After examination, 19 of the 20 lncRNAs screened to predict association with colorectal tumors were validated, while 18 of the 20 lncRNAs screened to predict association with glioma were validated, as shown in Fig. 7. In the case of gastric and lung cancers, nearly half of the potential associations were successfully predicted by the latest literature validation despite the absence of relevant data in the database. The prediction results are shown in Fig. 8. The performed case analysis strongly indicates that the DMWNN model proposed in this paper has high prediction accuracy.

Figure 7
figure 7

Validation results of lncRNAs predicted to be associated with colorectal neoplasm (Left) and glioma (Right).

Figure 8
figure 8

Validation results of lncRNAs predicted to be associated with stomach neoplasm (Left) and lung neoplasm (Right).

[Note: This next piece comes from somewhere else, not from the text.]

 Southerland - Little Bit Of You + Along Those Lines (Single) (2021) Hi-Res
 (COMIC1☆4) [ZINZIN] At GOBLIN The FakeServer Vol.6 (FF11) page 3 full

Conclusions and model limitations

Recent research on long noncoding ribonucleic acids (lncRNAs) revealed their involvement in numerous human life activities and a key role in many pathological processes. While many biological experiments have explored the relationship between lncRNAs and diseases, it is still necessary to develop effective predictive models to assist biological experiments and improve experimental efficiency. This study adopted a simple and effective two-layer nearest neighbor model based on a similarity algorithm incorporating potential associations, which was suitable for the data obtained by constructing the adjacency matrix. Unlike other algorithms, it assigned weights to data initially judged to be unrelated and then participated in calculating similarity. This similarity algorithm was experimentally verified to outperform several similar algorithms, being the core of the proposed two-level nearest neighbor model. It screened the neighbors, based on the degree of similarity, as a crucial component of the prediction score. The other three components making up the score were the distance and distance weights between the neighbors. The multilayer model was designed to predict unknown data adequately. Since too many layers would bias the prediction data, it was experimentally verified that two layers provided the optimal model’s performance. The difference in performance produced by different datasets was evident in the comparison experiments. The first comparison experiment introduced miRNA in the similarity calculation, thus improving the similarity calculation accuracy. The results proved that the proposed model provided more accurate predictions when the amount of data was sufficient.

While the prediction model heavily relies on the similarity algorithm, its similarity calculation's accuracy also depends on the amount of data. Therefore, the proposed model is extremely sensitive to the data, and the prediction results may vary significantly from one dataset to another. Moreover, similarity calculation requires data with a high correlation, and the closer the correlation, the more accurate the similarity calculation. However, the lncRNAs or target diseases usually have less relevant data, deteriorating the correlation's prediction efficiency. In the follow-up study, we envisage combining miRNAs and proteins. Since lncRNAs generally interact with miRNAs and proteins to participate in various human life activities, the degree of their association is relatively high, and these data can be correlated to improve the model performance. Finally, our similarity calculation method is not complete enough and can only predict whether lncRNA is related to disease, which is still a far shot from screening out lncRNAs that are truly involved in disease formation. Given that lncRNAs have become critical regulators of cancer pathways and biomarkers of various diseases, we also intend to design more reasonable similarity calculation methods from gene expression and survival data to improve the prediction accuracy and use the results in targeted cancer therapy.